The poll also found the following:

  • Three in four insured Americans (73%) said they found it easy to get the mental health support they needed. In addition, 32% reported that finding care was “very easy,” with only 6% reporting that finding care was “very difficult.”
  • Nine in 10 (91%) reported satisfaction with the mental health support they received, with half (49%) saying they were very satisfied.
  • Four in 10 insured Americans (38%) were able to find a mental health professional and start getting support within a week or two, while another 3 in 10 (29%) were able to begin receiving help within 30 days. One in 10 (11%) needed to wait six months or more, while 4% sought care but never received it.
  • Six in 10 insured Americans (60%) said their mental health support was fully covered by insurance, while another 3 in 10 (33%) noted that their mental health support was partially covered. Only 3% reported their care was not covered.
  • Individual counseling or therapy in a health care professional’s office was the most frequently used service (56%). Counseling or therapy through telehealth was second (38%).
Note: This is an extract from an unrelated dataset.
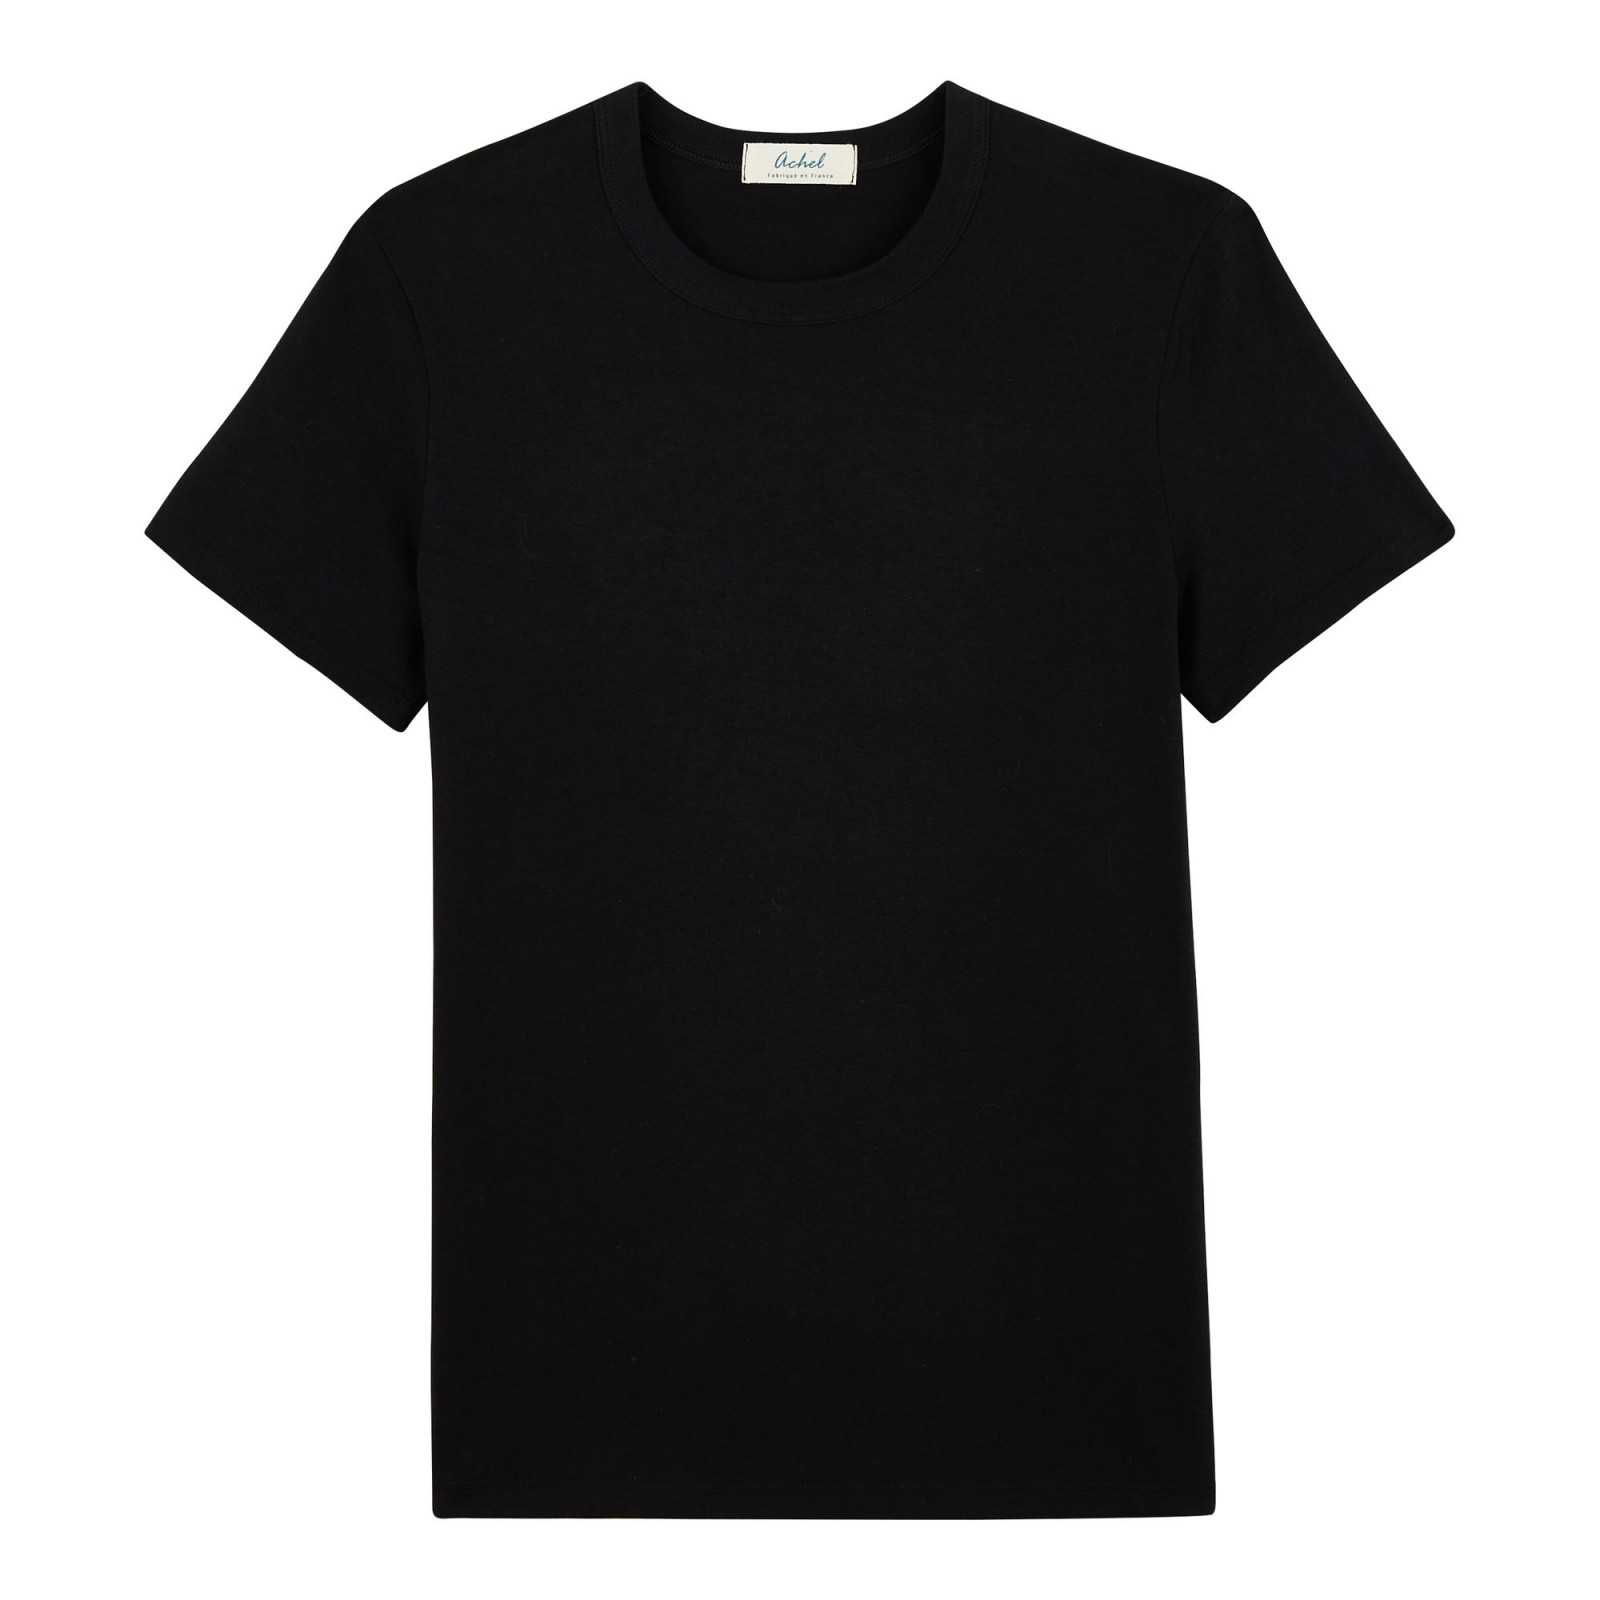 Le t-shirt noir basique en coton Bio, éthique et Made in France

If you have questions about what your insurance plan covers in the mental health realm, consult with your HR representative or insurance provider.
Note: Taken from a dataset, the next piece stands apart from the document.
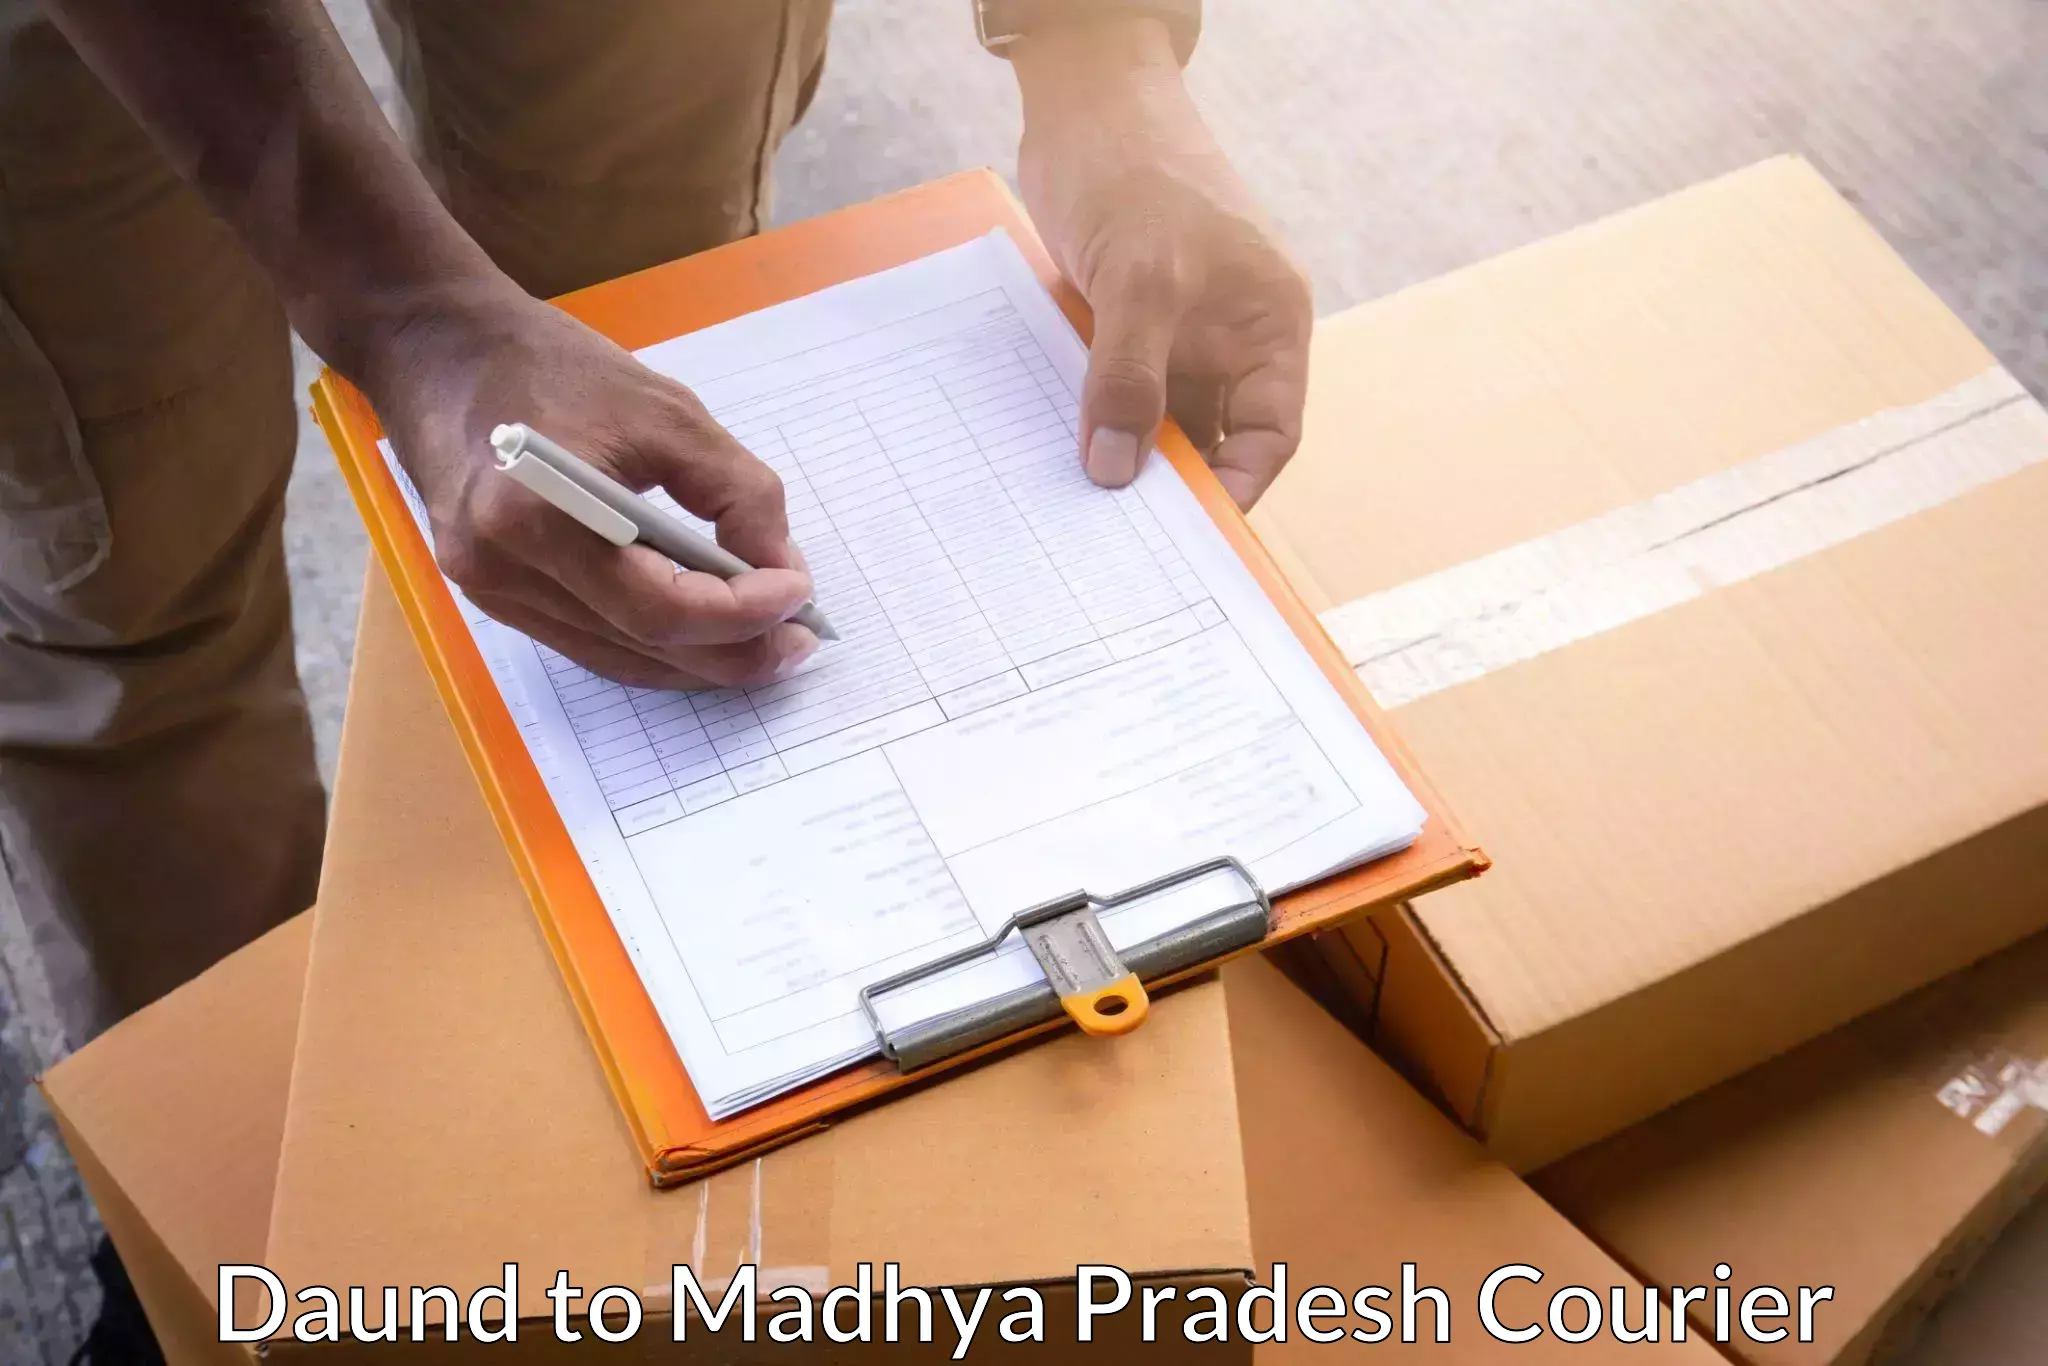 Global courier networks Daund to Madhya Pradesh

Other consideration factors

There are several other elements that bear checking out before you make the decision to check in to a specific facility or program.

Familial support plays a huge role in positive mental health outcomes. See if your preferred programs offer opportunities for family therapy and education, as well as support for caregivers and loved ones. Patients will benefit from a supportive environment and a safe and welcoming atmosphere.

Look for a behavioral health program that believes in an individualized treatment plan with an approach tailored to assessment findings and clear, achievable target goals with flexibility to adapt the plan according to your progress.

You should also search for a program that offers ongoing monitoring and follow-up, as well as support for transitions between different levels of care.

Recognizing the need for behavioral health care is a big step. When choosing which program is the best fit, be sure to consider each program’s specialties, ask the questions that will get you the information you need to make the best decision, confirm your insurance treatment options and consider additional program options.

Doug Fox is a project manager at Fullcast, a Silicon Slopes-based end-to-end RevOps platform that allows companies to design, manage and track the performance of their revenue-generating teams.